# PROBLEM REQUIREMENTS
Would you output all the lines below precisely as they stand, leaving each picture out?

# DATA SHOWN
▼
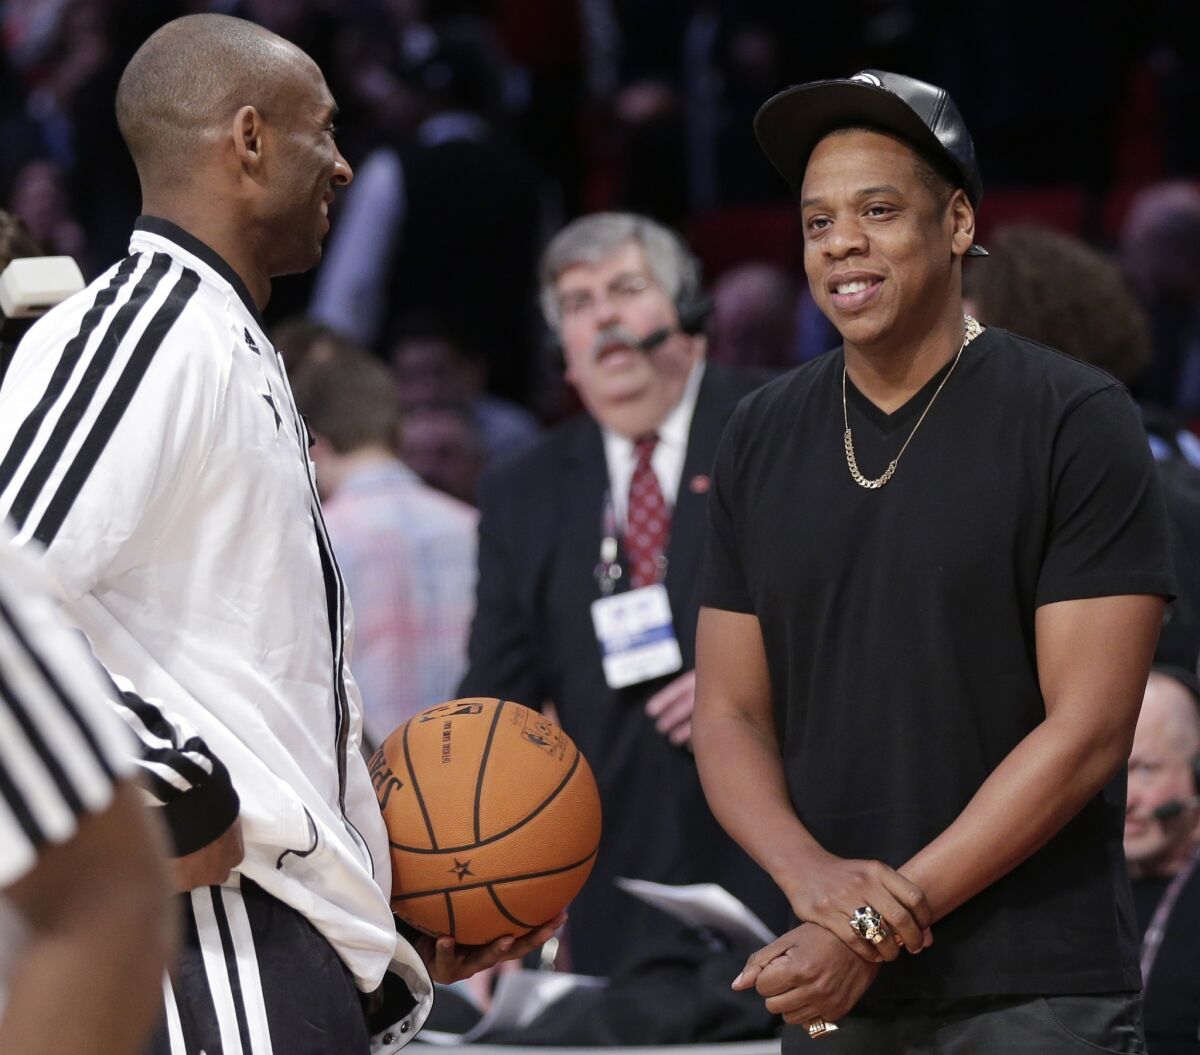 Kobe Bryant and Jay Z before an NBA All-Star game.
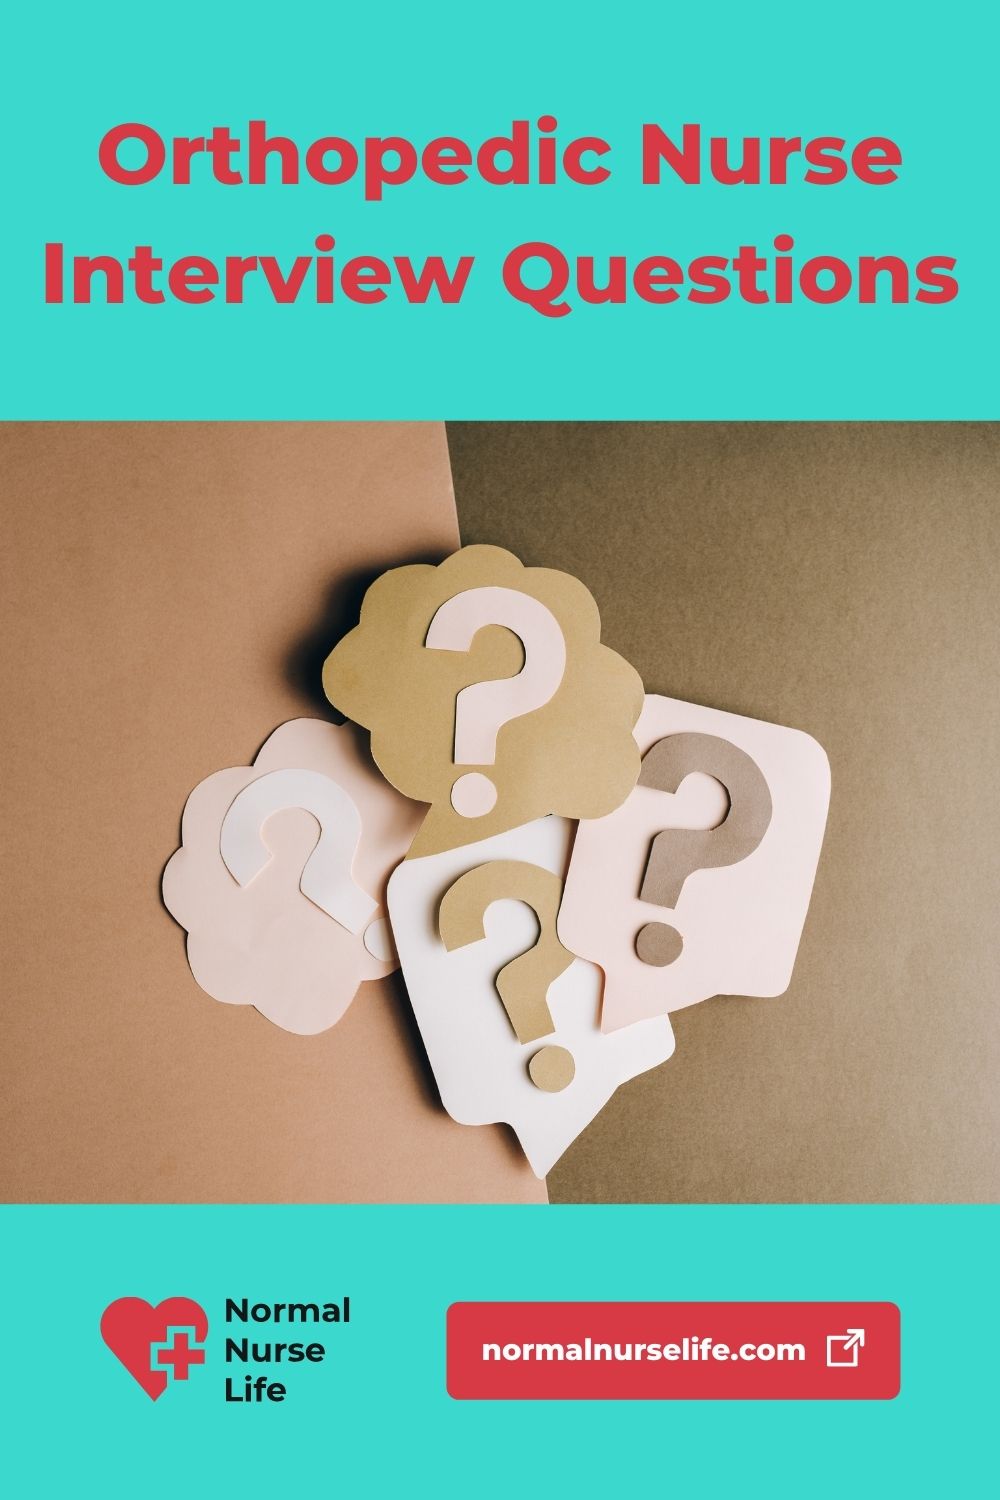 Orthopedic nurse interview questions and answers
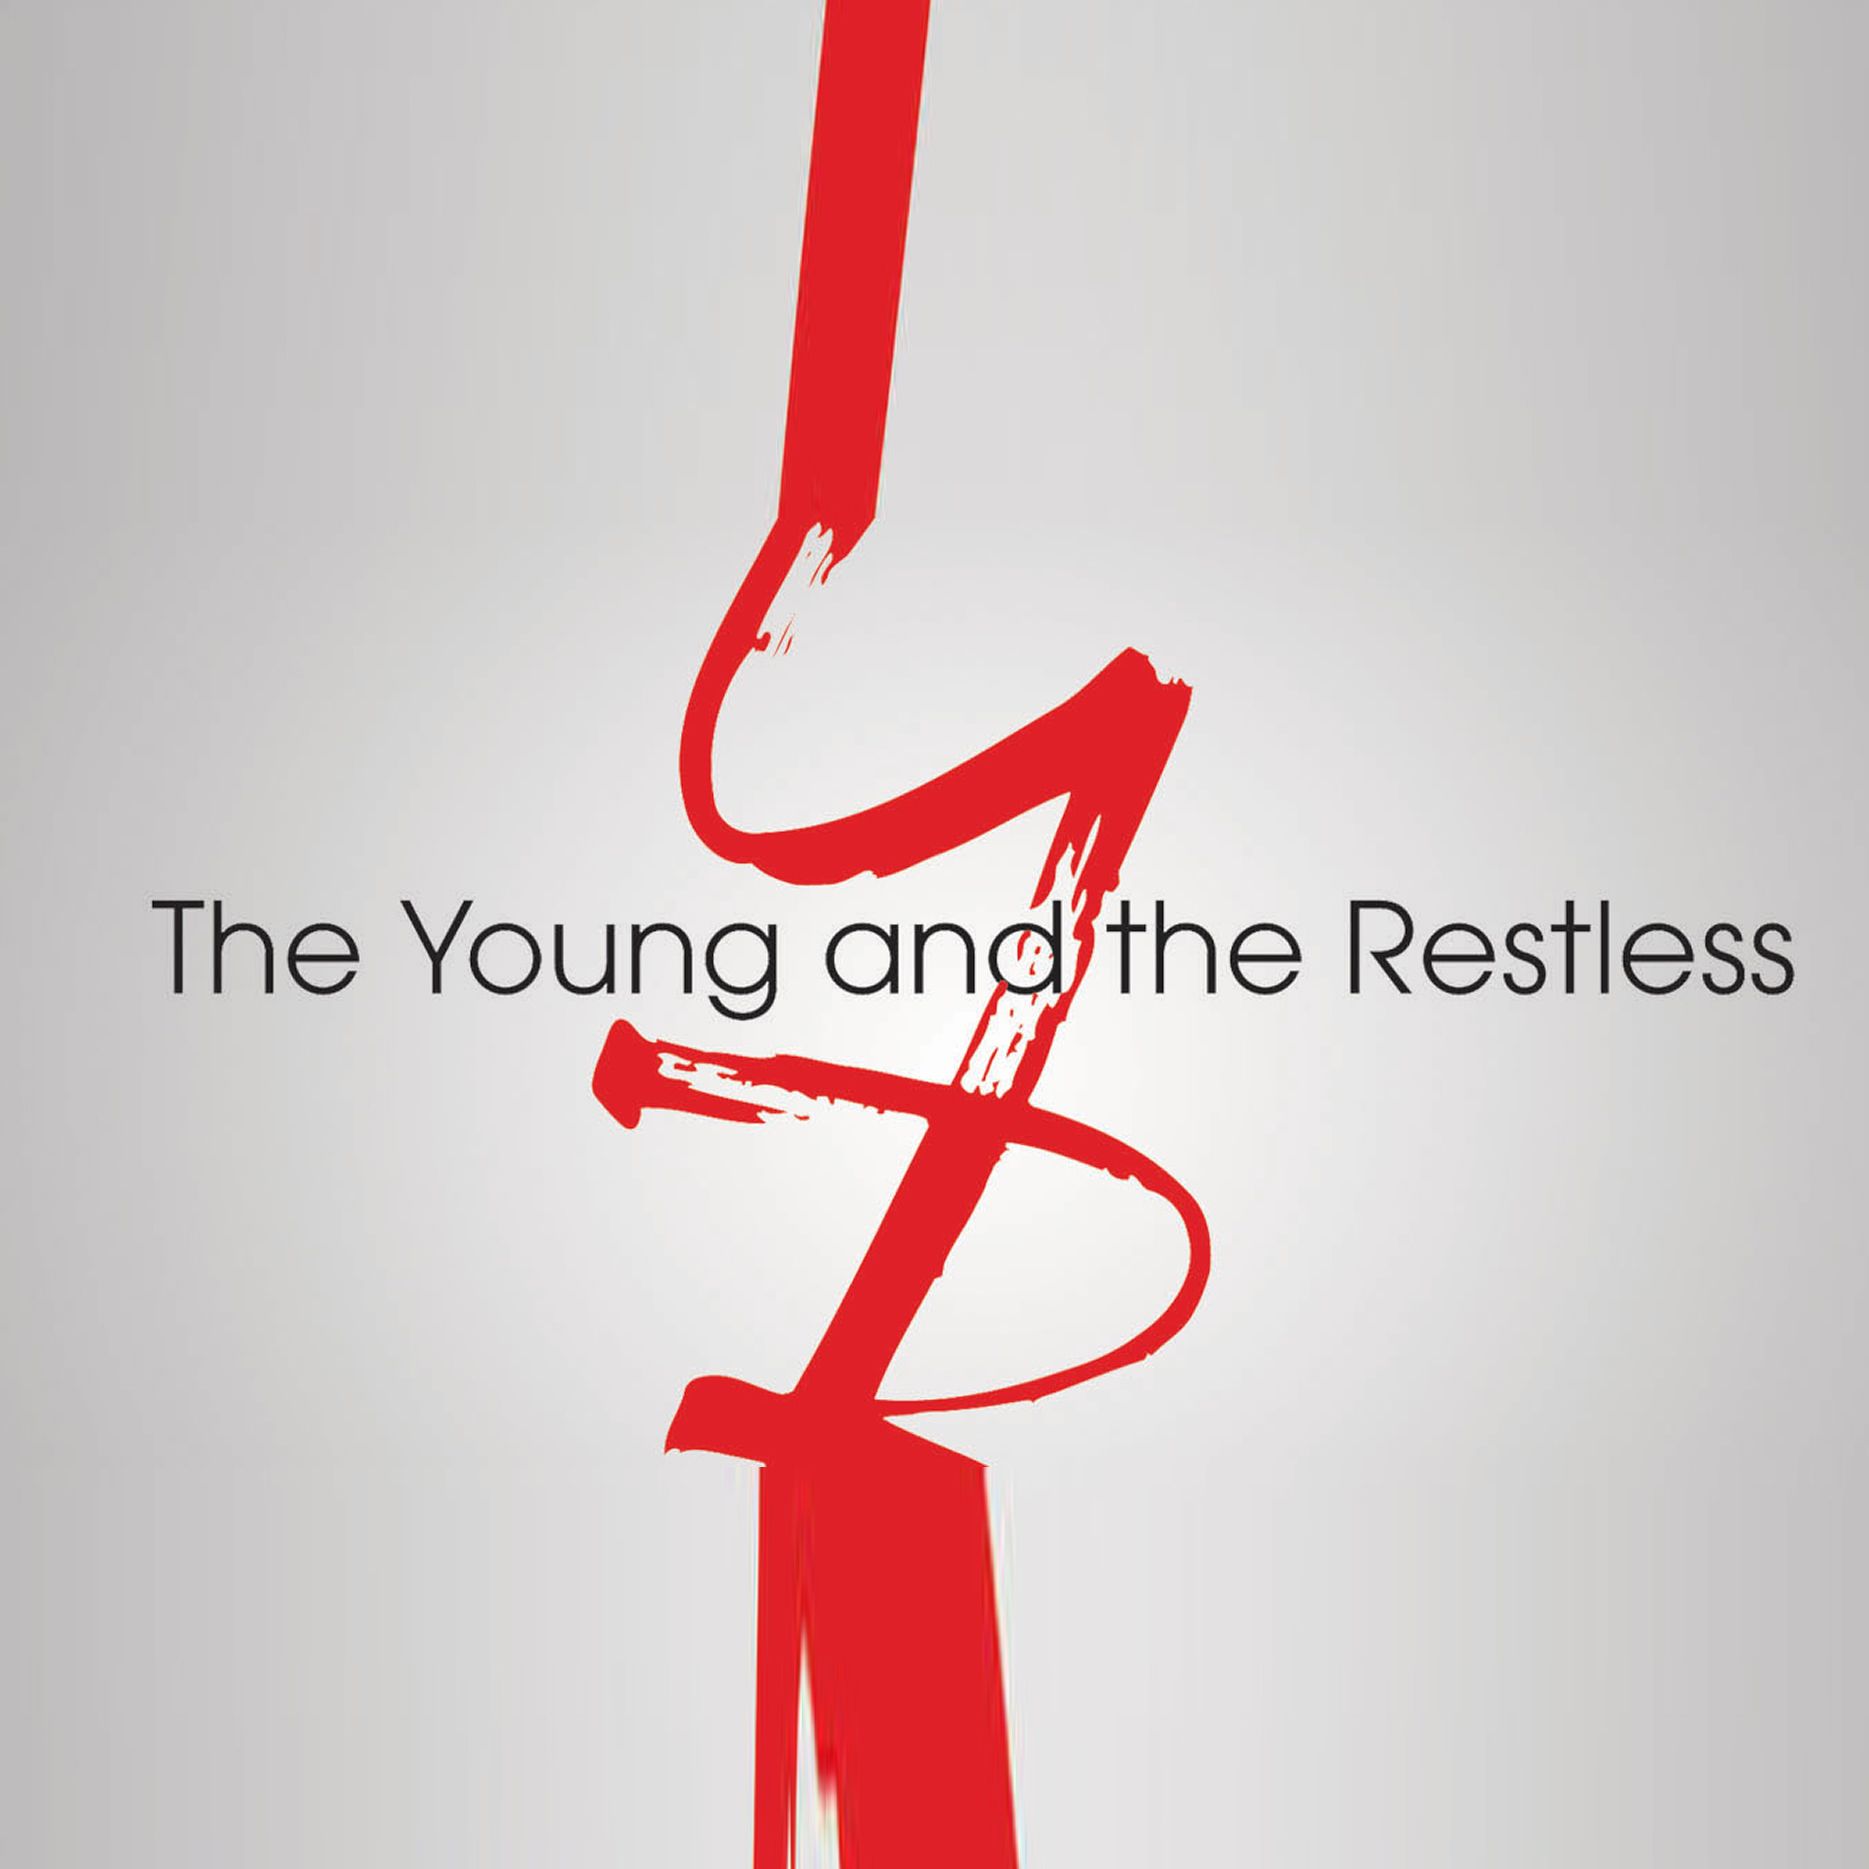 The Young And The Restless
▲
# ANSWER SPACE
 Kobe Bryant and Jay Z before an NBA All-Star game.
 Orthopedic nurse interview questions and answers
 The Young And The Restless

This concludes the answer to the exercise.